A resolution allowing force was approved by the Russian legislature’s upper house, and Mr. Putin said such a move is necessary to protect ethnic Russians and military bases in Crimea. The region is home to a large ethnic Russian population and has become the stage on which Mr. Putin seeks to exert control and influence over the region.
“I’m submitting a request for using the armed forces of the Russian Federation on the territory of Ukraine, pending the normalization of the socio-political situation in that country,” the Russian president said in a statement released by the Kremlin.
While the resolution appears meant to address the situation in Crimea — where the region’s regional prime minister earlier this week asked Russia for help — the fact that it refers more generally to “the territory of Ukraine” leaves open the possibility Russia could send its military into other parts of the troubled nation.

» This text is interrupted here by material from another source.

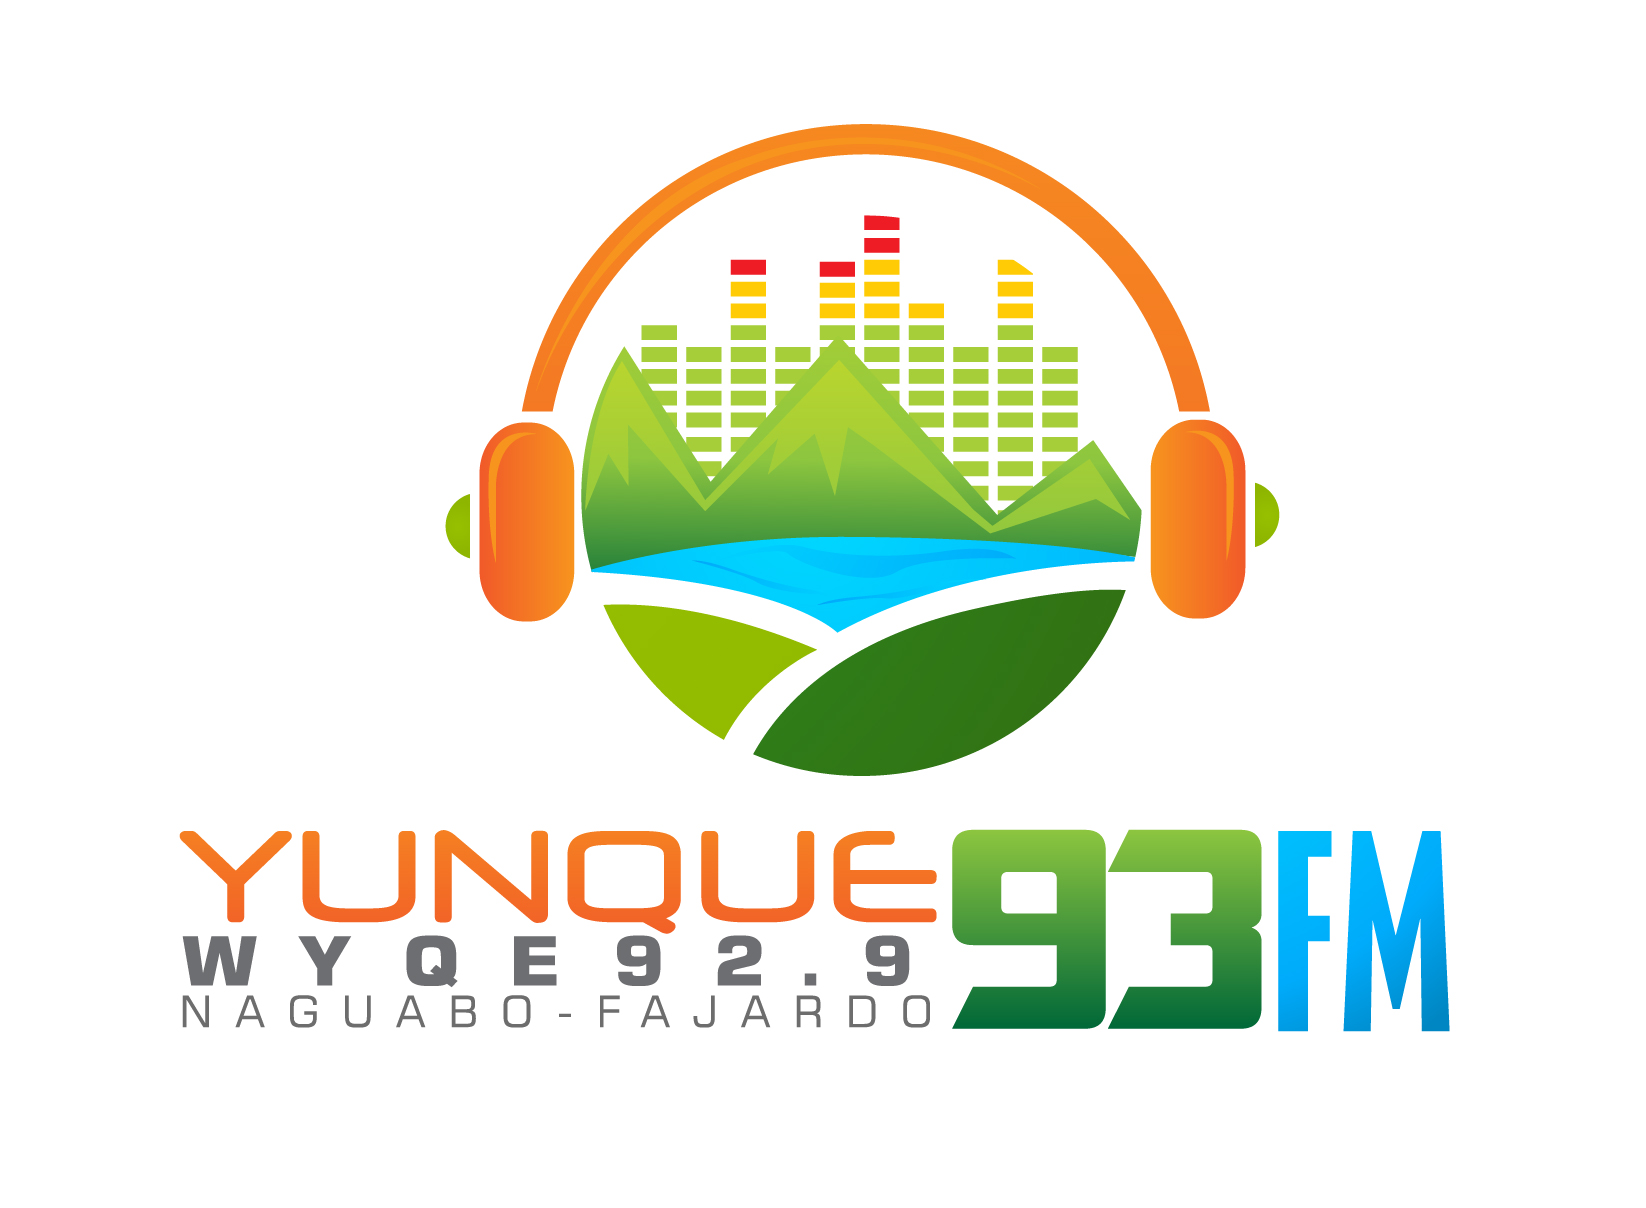 Yunque FM-01.jpg
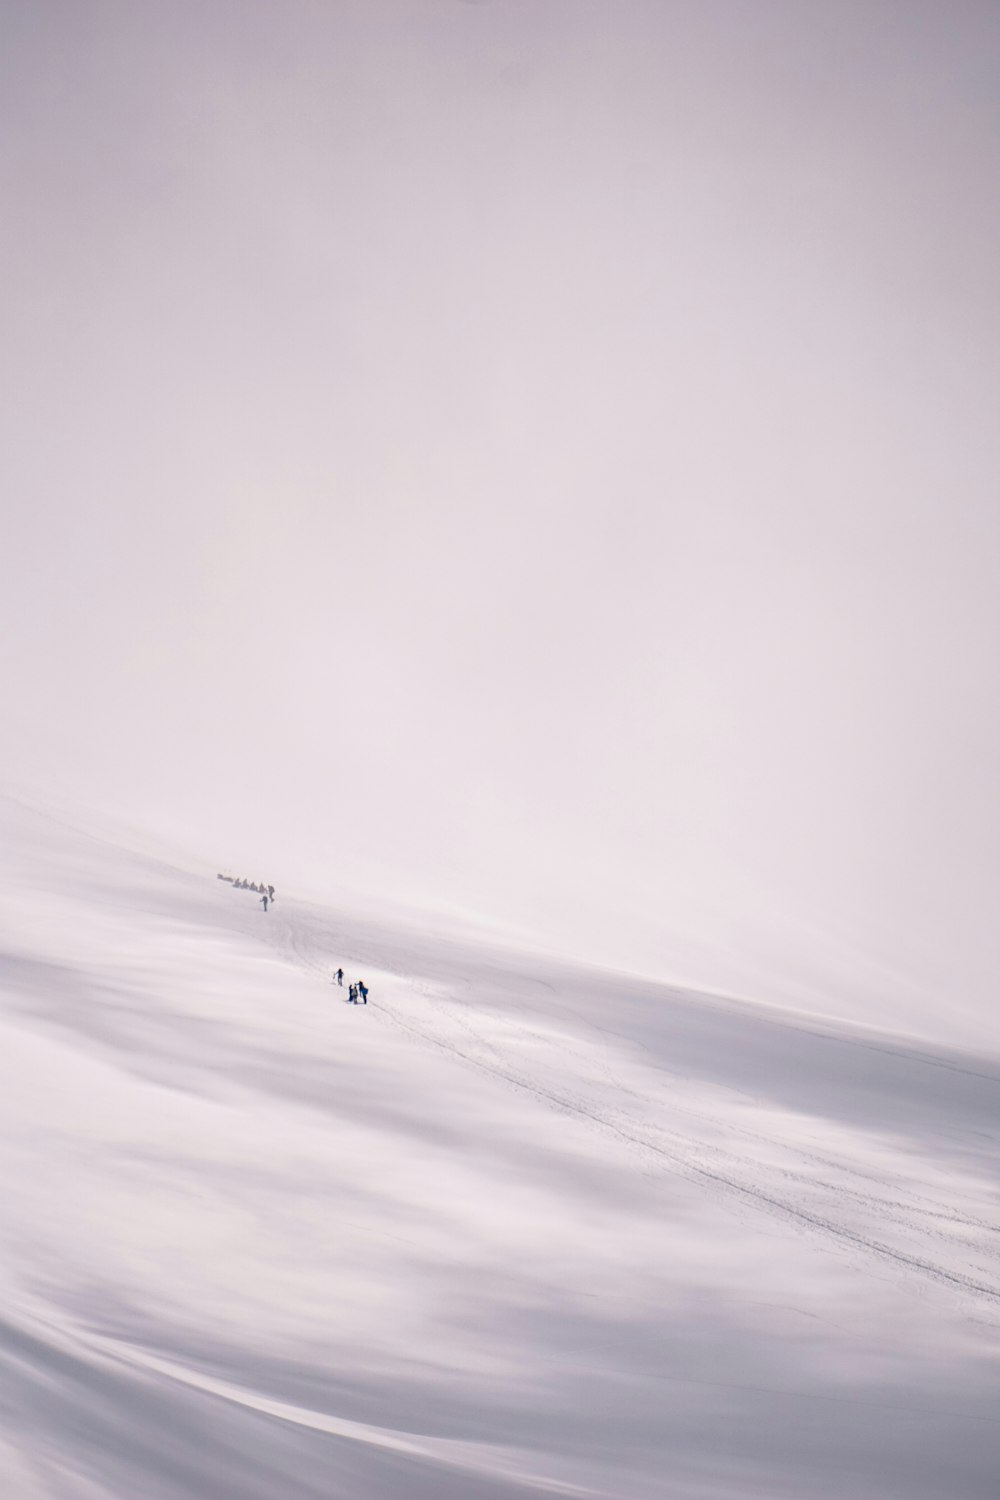 pessoa na jaqueta preta andando no campo coberto de neve branca durante o dia

The Russian moves come less than 24 hours after the White House delivered a stern warning to Mr. Putin, with President Obama personally vowing “there will be costs” if Russia continues its aggressive posture.
“Just days after the world came to Russia for the Olympic games, [Russian aggression] would invite the condemnation of nations around the world. And indeed the United States will stand with the international community in affirming there will be costs for any military intervention,” he said Friday afternoon.
But those vague threats appear to have had little effect on Mr. Putin.
U.S. lawmakers and many analysts believe the Russian president’s ultimate goal is to annex Crimea, and possibly other parts of Ukraine as well.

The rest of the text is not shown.